Laparra was in charge of the Special Prosecutor’s Office Against Impunity (FECI) in Quetzaltenango, one of Guatemala’s most populated departments. She is one of the current and former prosecutors who took part in the anti-corruption efforts led by the International Commission Against Impunity in Guatemala (CICIG), and who are now being targeted for prosecution.

CICIG was precipitously ended by the administration of then President Jimmy Morales in 2019, after twelve years of prosecuting top-level government officials and backing the investigations that led to the indictment of former vice-president Roxana Baldetti, who was sentenced to fifteen years in prison for fraud.

During the International Anti-Corruption Conference in Washington D.C., Jimenez reflected on the new challenges faced by anti-corruption movements and institutions in Latin America, a region where efforts like CICIG were showing results.

“Many of these countries where we have seen major setbacks in the anti-corruption efforts, are countries that cannot do this alone,” Jimenez said. “The role of external actors such as the UN continues to be very important. We saw this in Guatemala.
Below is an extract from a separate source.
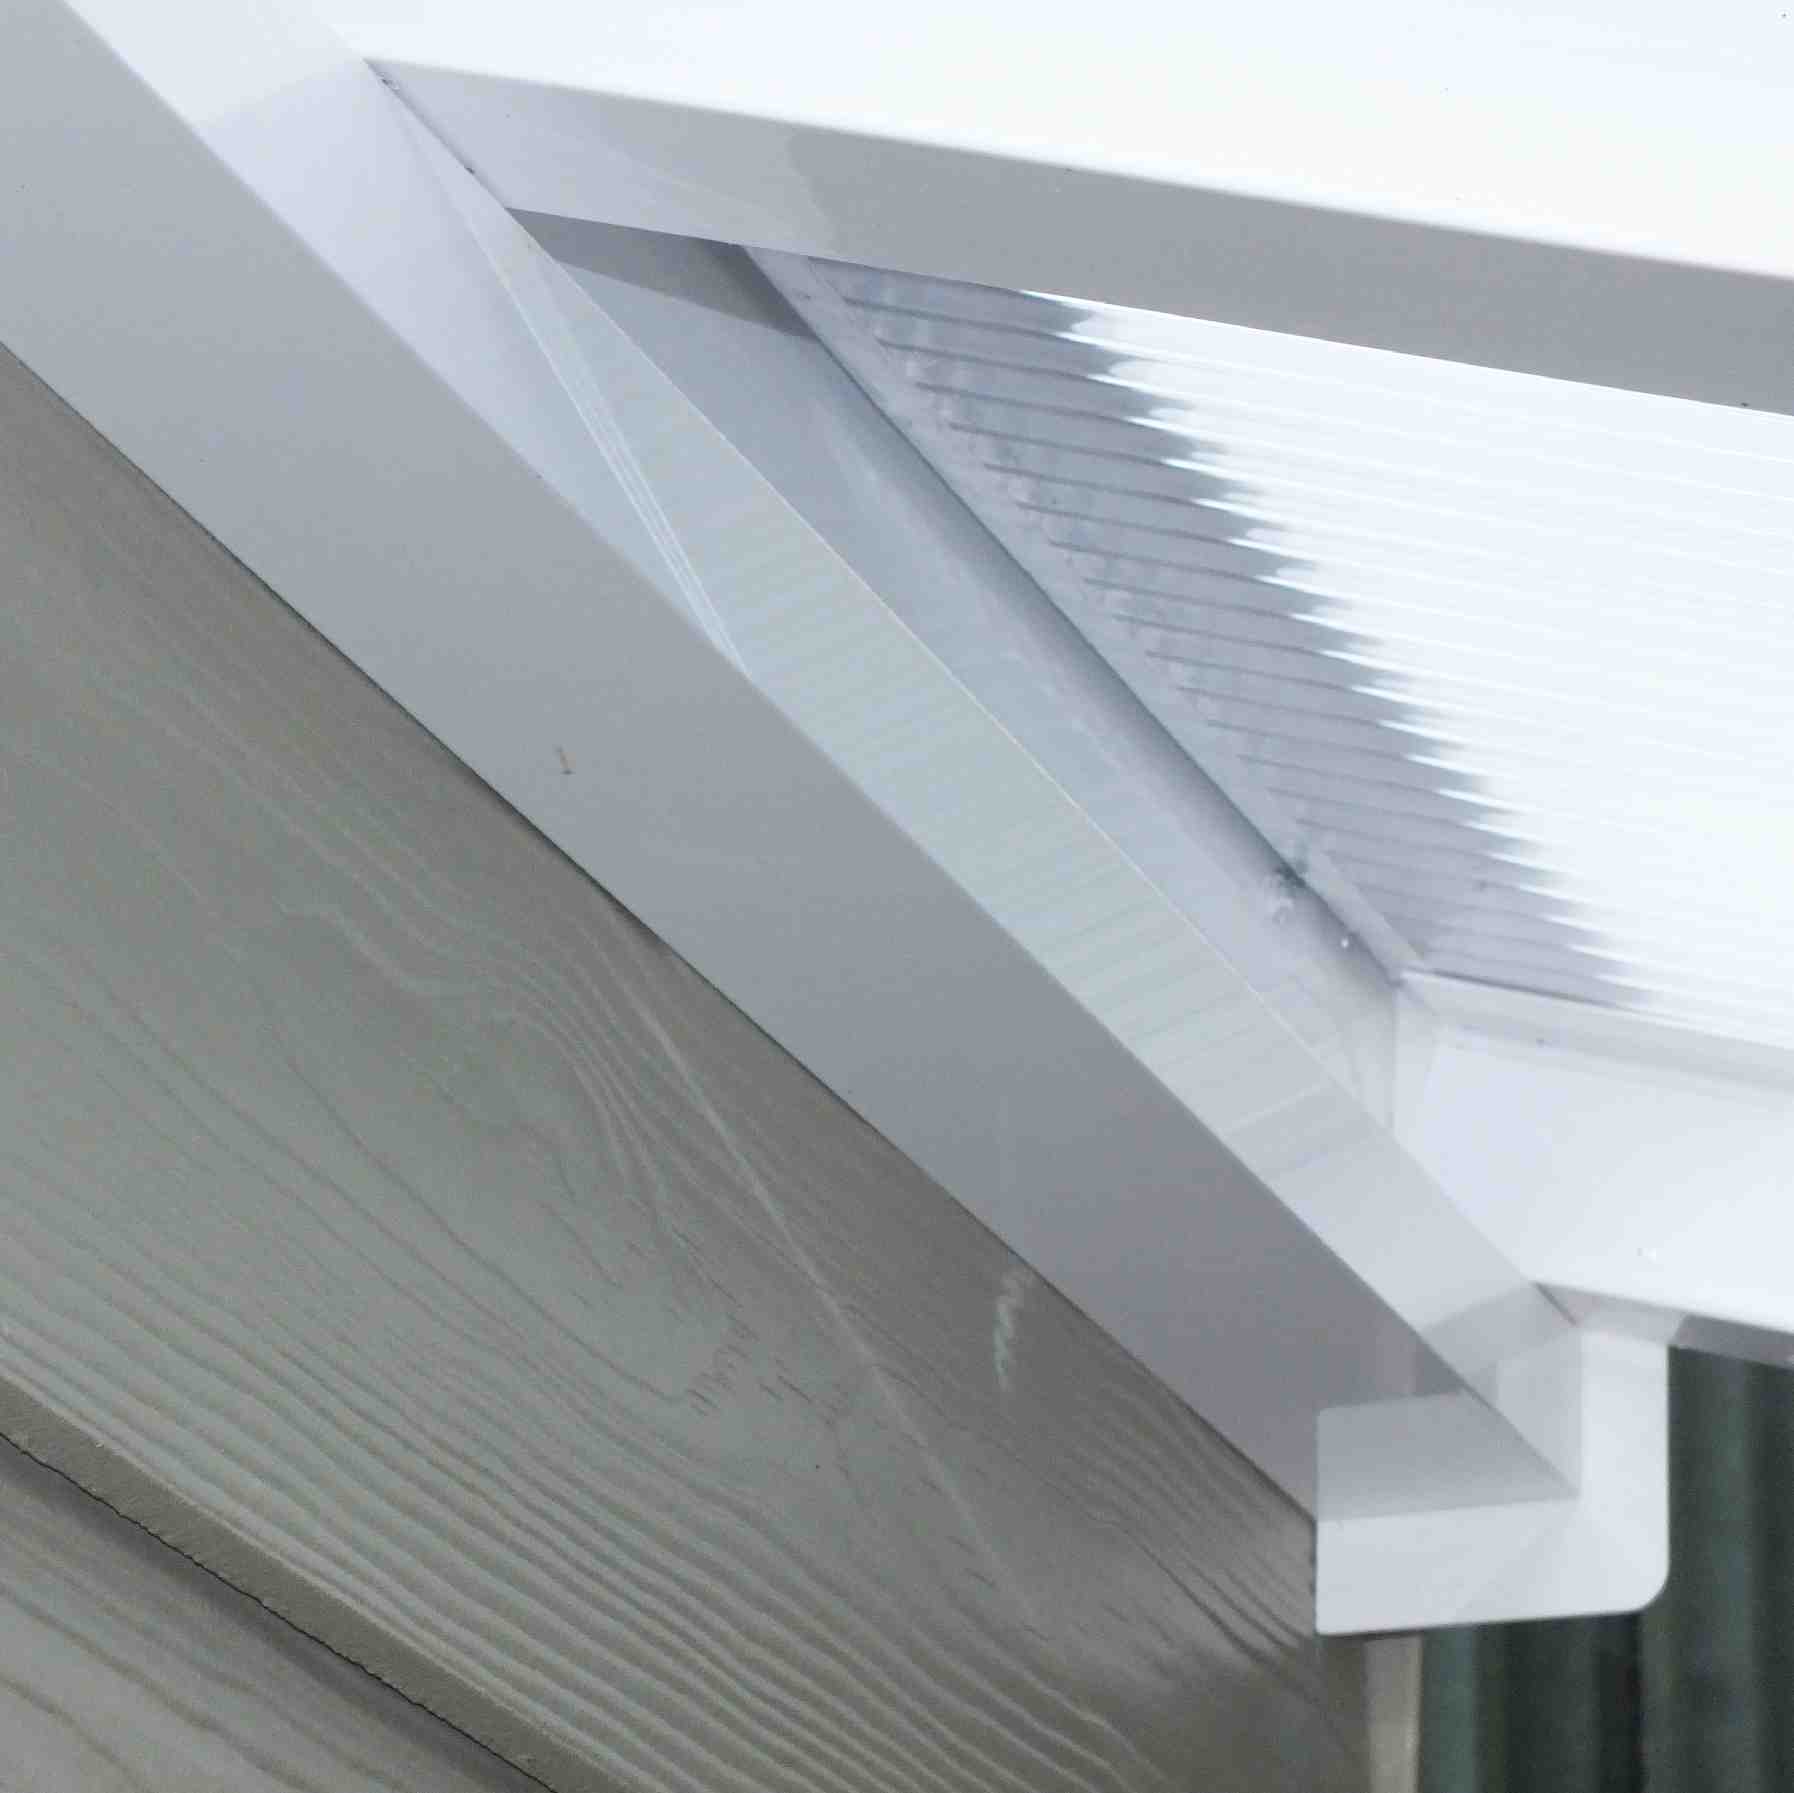 Great deals on Omega Verandah White with 6mm Glass Clear Plate Polycarbonate Glazing - 8.4m (W) x 2.0m (P), (4) Supporting Posts

We’ve seen the possibility of establishing an anti-corruption mechanism in Honduras, but we need to learn from some past mistakes.”

Transferring capacities and sustaining the protection for anti-corruption actors working in the field, she continued, is essential.

“We need to make sure that there are clear laws and institutions in place to continue the efforts on the ground in an independent way and in a way that cannot be turned back,” she said. “We need better protocols, and better measures in place, to ensure that when international mechanisms end, those who are going to continue the fight on the ground, can do so, safely, and with the protection of their physical integrity and their dignity.”

Speaking in the same panel, Ed O’Donovan, Special Advisor to Mary Lawlor, UN Special Rapporteur on the situation of Human Rights Defenders, said that in order to aid anti-corruption activists and provide them the necessary tools to do their work, the international community should start treating them as human rights defenders, and expressed that anti-corruption work is indeed human rights work.

“There are things that we can learn from the protection experiences and work that has been done for human rights defenders over the past twenty years that anti-corruption activists can benefit from,” O’Donovan said.  “The threats and the risks faced by anti-corruption activists are similar in nature to those faced by human rights defenders working in other sectors, and various mechanisms have been settled to focus protection on human rights defenders.”

The backlash on anti-corruption prosecutors and public officials in Guatemala has led to at least 31 justice operators fleeing into exile, joined by an undetermined number of journalists, human rights defenders and environmental activists.